# TripAdvisor Data Challenge
Prompt: https://drive.google.com/file/d/1jW9NvvpqDKOHrtv3PaKSQryMZekVGUny/view?usp=sharing


Author: Jackson Barkstrom

Team: Jackson Barkstrom, Rohan Dalvi, Alex Miao, Eric Liu

Motivation: we're looking at user patterns to find out the answer to the question, "What's the probability that a user viewed this hotel given that they viewed that hotel?" Our final dataframe answers this question with a matrix displaying this probability (note: this matrix is not based on time, and we don't know what happened before and what happened after). 

In [313]:
import pandas as pd
import numpy as np

In [314]:
# exploratory data analysis was pretty much already done for us
# see https://drive.google.com/open?id=15Mpsa6-dQ2K9sNtIenR8Gdq29DCYWk6r

In [423]:
hotels = pd.read_csv("./hotel_data.csv")
activity = pd.read_csv("./activity_data.csv")

In [None]:
# delete hotel values that are less common (we won't be recommending them)

threshold = 2000
value_counts = activity['hotel_id'].value_counts() # Specific column 
to_remove = value_counts[value_counts <= threshold].index

activity_clean = activity['hotel_id'].replace(to_remove, np.nan).dropna()

array = activity_clean['user_id'].unique()
n = len(array);
h = len(activity_clean['hotel_id'].unique())

matrix = np.zeros((h,n)); 
df = pd.DataFrame(matrix, columns = array)

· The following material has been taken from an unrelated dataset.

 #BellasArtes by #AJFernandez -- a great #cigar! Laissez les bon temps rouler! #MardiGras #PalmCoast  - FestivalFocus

df.index = activity_clean['hotel_id'].unique()

# create matrix with people and what hotels they viewed

for hotel_id in activity_clean['hotel_id'].unique():
    data = activity_clean.loc[activity_clean['hotel_id'] == hotel_id]['user_id'].values
    for i in range(len(data)):
        df.loc[hotel_id, data[i]] = 1

df = df.transpose()

# export matrix with people as index and hotels they viewed as column

df.to_pickle('./person_data.csv')

# then tack on this dataframe to our original data

result_by_person = pd.merge(activity, df, left_on = 'user_id', right_index = True, how = 'left')

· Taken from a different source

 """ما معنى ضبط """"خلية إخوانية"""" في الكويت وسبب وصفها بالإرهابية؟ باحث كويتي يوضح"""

# then tack on this dataframe to our original data

hotel_groupings = result_by_person.dropna().drop(['user_id', 'user_country', 'device', 'user_action'], axis=1)

# then group by mean -- we can see what hotels people are likely to go to after viewing one hotel
# obviously this will have a 1 in the column where we have the same hotel
# data looks very good overall -- some very high correlations, I saw a couple .2's

final_hotel_data = hotel_groupings.groupby(['hotel_id']).mean()

final_hotel_data.to_pickle('./hotels.pkl')